▸ The problem:
Starting with the line containing "Christian Dior Sauvage" and going on through the line containing "Energielabel Obliehoren 45", return the lines of the data below exactly, and only those.

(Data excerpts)

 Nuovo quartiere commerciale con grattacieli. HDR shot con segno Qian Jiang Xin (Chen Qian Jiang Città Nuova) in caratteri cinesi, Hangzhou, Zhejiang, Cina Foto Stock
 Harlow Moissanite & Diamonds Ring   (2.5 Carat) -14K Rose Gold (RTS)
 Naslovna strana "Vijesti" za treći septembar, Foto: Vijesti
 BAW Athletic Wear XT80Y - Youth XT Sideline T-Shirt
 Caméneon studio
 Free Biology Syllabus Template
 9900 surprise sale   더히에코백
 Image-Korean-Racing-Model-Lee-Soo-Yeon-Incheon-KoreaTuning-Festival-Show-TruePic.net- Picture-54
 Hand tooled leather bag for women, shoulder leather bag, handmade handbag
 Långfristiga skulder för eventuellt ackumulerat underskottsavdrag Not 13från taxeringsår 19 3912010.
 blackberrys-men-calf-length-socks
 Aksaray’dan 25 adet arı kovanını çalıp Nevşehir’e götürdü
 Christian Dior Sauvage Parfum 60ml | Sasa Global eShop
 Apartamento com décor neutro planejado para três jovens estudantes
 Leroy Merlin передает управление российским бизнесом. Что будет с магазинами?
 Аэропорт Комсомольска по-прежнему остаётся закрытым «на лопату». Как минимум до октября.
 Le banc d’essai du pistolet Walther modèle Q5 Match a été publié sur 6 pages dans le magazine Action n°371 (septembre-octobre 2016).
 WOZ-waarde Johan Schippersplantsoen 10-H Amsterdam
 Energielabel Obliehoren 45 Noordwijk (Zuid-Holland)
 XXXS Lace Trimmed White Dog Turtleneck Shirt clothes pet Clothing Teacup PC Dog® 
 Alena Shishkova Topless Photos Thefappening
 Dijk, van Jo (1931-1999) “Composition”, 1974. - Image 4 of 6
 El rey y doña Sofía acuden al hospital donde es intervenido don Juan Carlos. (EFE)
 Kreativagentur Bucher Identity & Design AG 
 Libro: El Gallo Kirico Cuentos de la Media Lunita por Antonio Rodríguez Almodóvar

▸ Answer to this task:
 Christian Dior Sauvage Parfum 60ml | Sasa Global eShop
 Apartamento com décor neutro planejado para três jovens estudantes
 Leroy Merlin передает управление российским бизнесом. Что будет с магазинами?
 Аэропорт Комсомольска по-прежнему остаётся закрытым «на лопату». Как минимум до октября.
 Le banc d’essai du pistolet Walther modèle Q5 Match a été publié sur 6 pages dans le magazine Action n°371 (septembre-octobre 2016).
 WOZ-waarde Johan Schippersplantsoen 10-H Amsterdam
 Energielabel Obliehoren 45 Noordwijk (Zuid-Holland)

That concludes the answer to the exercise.